Protest poparło kilkudziesięciu sympatyków Teatru Polskiego, którzy ustawili się za jego pracownikami i unieśli ręce do góry.
Cezary Morawski w rozmowie z dziennikarzami powiedział, że „cieszy się, że dzisiejsza manifestacja jest pokojowa”. Oświadczył, że będzie rozmawiał z protestującym artystami. Pytany o to, ile osób zrezygnowało z pracy w teatrze, odpowiedział, że do tej pory dwie osoby zostały „zwolnione przez byłego dyrektora ze świadczenia stosunku pracy”. Mieszkowski z kolei twierdzi, że pięć osób złożyło wypowiedzenia w ostatnich dniach kierowania przez niego instytucją.

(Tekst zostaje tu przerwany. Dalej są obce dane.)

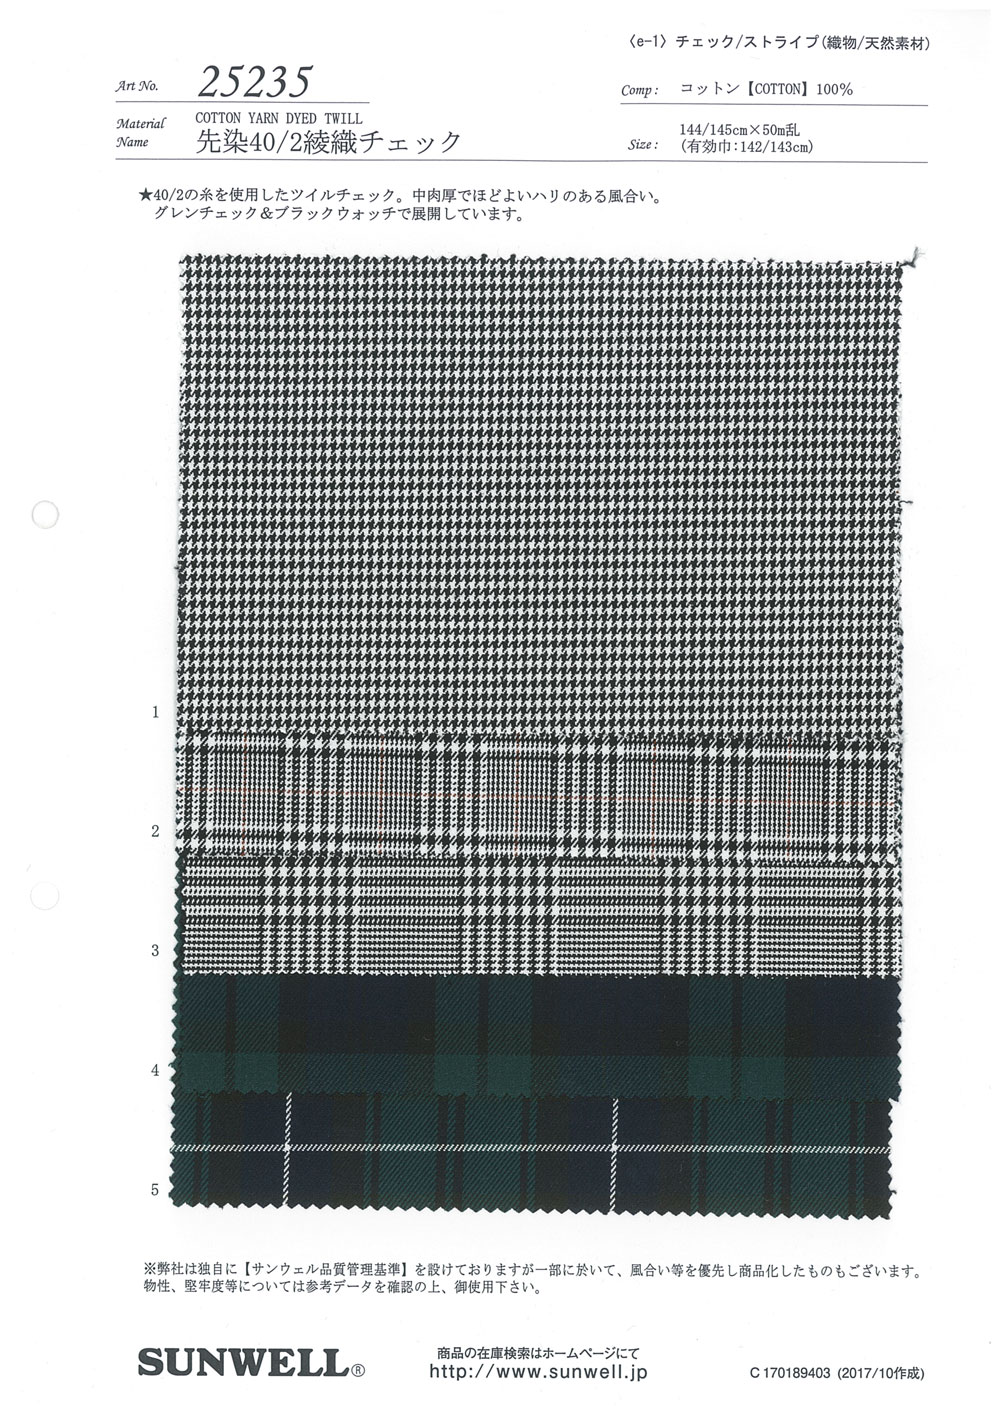 25235 [Fabrication De Textile] SUNWELL
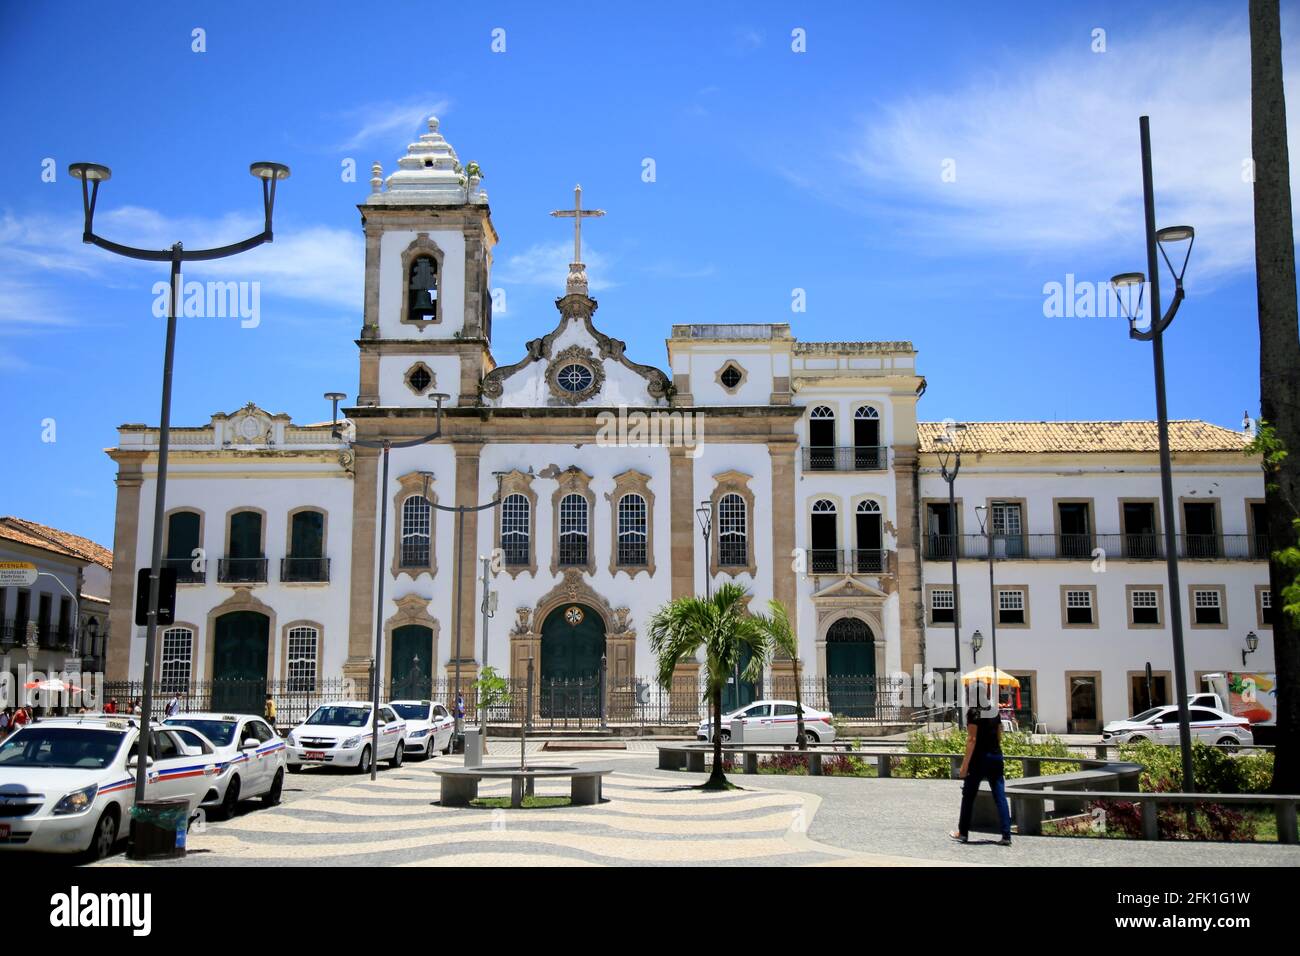 salvador, bahia, brasilien - 10. februar 2021: Blick auf den Platz Terreiro de Jesus in Pelourinhoin der Stadt Salvador. *** Ortsüberschrift *** Stockfoto

Morawski poinformował również, że publikowane obecnie wpisy na oficjalnych portalach społecznościowych teatru pisane są „przez osobę, która już w teatrze nie pracuje”. „Publikowane tam wpisy nie są stanowiskiem teatru” - mówił.
Na protest przed Teatrem Polskim przyszedł również były dyrektor Krzysztof Mieszkowski. „To protest przeciwko fatalnej decyzji urzędu marszałkowskiego o ustawieniu konkursu” - mówił.
Dodał, że protest będzie kontynuowany. „Nie godzimy się na łamanie prawa (…) Będziemy walczyć o to, byśmy mogli ten teatr postawić na nogi, po tych zgliszczach, które tutaj z pewnością nastaną” - mówił.
Przedstawiciele protestujących złożyli zawiadomienie do prokuratury ws. konkursu, w którym Morawski został wybrany na dyrektora tej instytucji. „Dotyczy ono nieprawidłowości w procedurze konkursowej, chodzi na przykład o nierówne traktowanie kandydatów” - powiedział dziennikarzom aktor Teatru Polskiego Tomasz Lulek.
Protest części zespołu Teatru Polskiego prowadzony jest od tygodnia. Artyści zarzucają nowemu dyrektorowi m.in. brak kompetencji oraz to, że wygrał w „ustawionym” konkursie. W związku z wyborem nowego dyrektora, zaprzestanie prób nad nowym przedstawieniem zapowiedział Krystian Lupa, który w Teatrze Polskim reżyserował „Proces” Franza Kafki.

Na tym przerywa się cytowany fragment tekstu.